Родители намеревались отдать меня в среднюю школу №19, нашу главную станичную школу, ибо обучать собственного сына считали непедагогичным. Я не протестовал, подумаешь - отмеривать шесть дней в неделю по два километра туда-сюда, зато каждый шаг как ступенька вверх. Пускай даже, в глубине души, не признаваясь самому себе, с неизмеримо большей радостью притулился бы к тёплому боку мамы, посиживал бы в её сыром и тускло освещённом, но таком милом классе. Но коль наука требует жертв и героев, извольте, вот он я.

    Но меня поджидала очередная, сокрушительная несправедливость абсурдно устроенного взрослого мира. Отец вернулся из школы №19, куда ходил записывать сына в первый класс, сконфуженным, и даже откровенно раздражённым. Оказывается, директор школы №19 Василий Георгиевич Сенин отказался принимать новобранца в свою школу, ссылаясь на некую ведомственную инструкцию, согласно которой дети, рождённые хотя бы на неделю позже первого сентября, обязаны были ждать поступления в первый класс ещё год. А меня угораздило родиться аж в последний день первого месяца осени.
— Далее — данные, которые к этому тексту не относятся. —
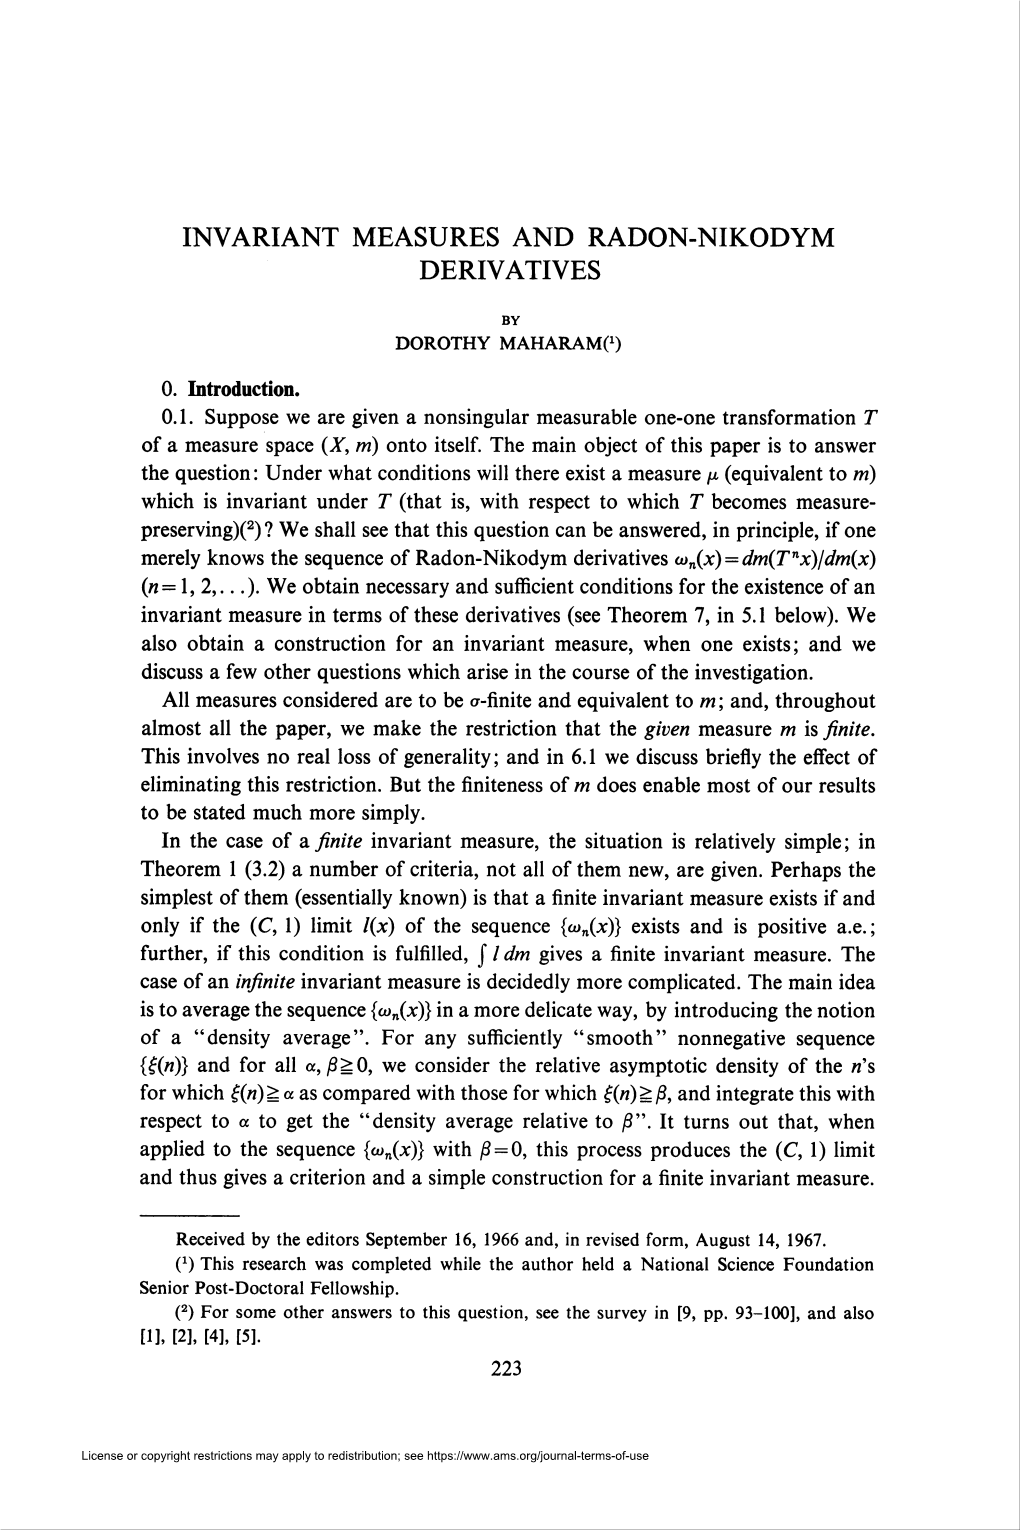 Invariant Measures and Radon-Nikodym Derivatives
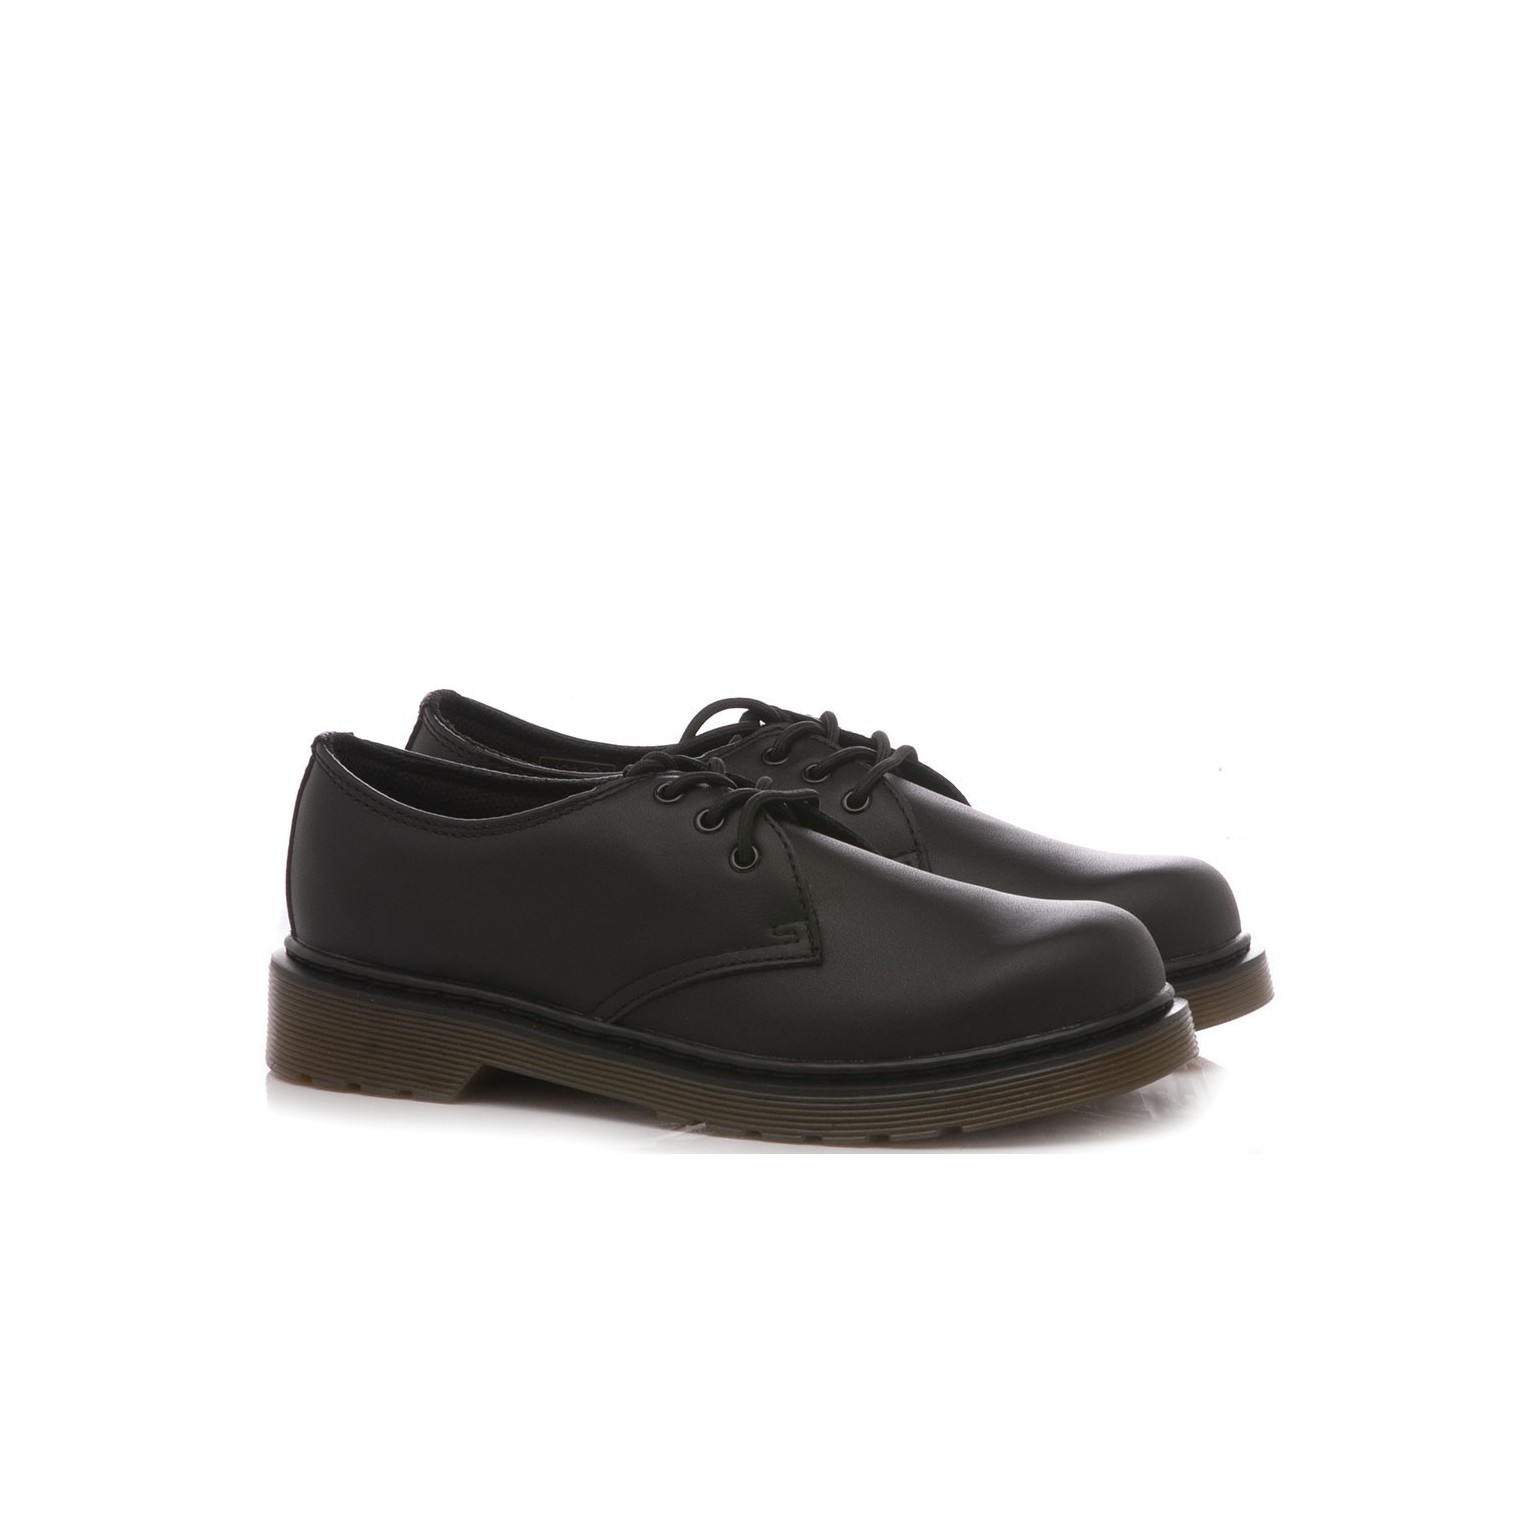 Dr. Martens Children's Shoes  Black 1461J 15378001

Не помогли ни заверения в высокой степени моей готовности, ни личное знакомство, ни профессиональная солидарность. Впрочем, надо признать, личные взаимоотношения у отца с Сениным были весьма натянутыми. Отец презирал директора школы №19 по многим причинам и его нелицеприятные высказывания в адрес неуважаемого коллеги находили во мне благодарного слушателя. К мнению отца я всегда прислушивался. Уклонение Сенина от ритуального «обмывания» зарплаты, которое свято совершали главы кирпильских школ во время поездок за ней в Усть-Лабу в привокзальном ресторане, а то и в рядовом «голубом дунае», отец расценивал не столько как  постыдную скупость, которая несомненно была присуща директору школы №19, сколько как надменное подчёркивание им своего более высокого служебного положения, он, мол,  полноценный директор, а коллеги всего лишь заведующие. Отговорки, типа – я абсолютный трезвенник, и вообще не подобает деятелям просвещения  опрокидывать рюмки в толпе законченных забулдыг, не встречали понимания. Не пьёшь, значит, не мужчина. К тому же, Сенин, десятью годами младше отца, был призван в армию уже в конце войны, служил в тыловых частях, пороху не нюхал, ещё один повод битому фронтовику смотреть на салагу свысока. Обвинял отец коллегу и в неоднократных служебных подсидках. Подобные отзывы достигали не одних моих чутких ушей, наверно же, они достигали и не менее чутких ушей Сенина, так что, думаю, отказал он отцу не без чувства мстительного удовлетворения. Отказал наотрез. Нет, и всё.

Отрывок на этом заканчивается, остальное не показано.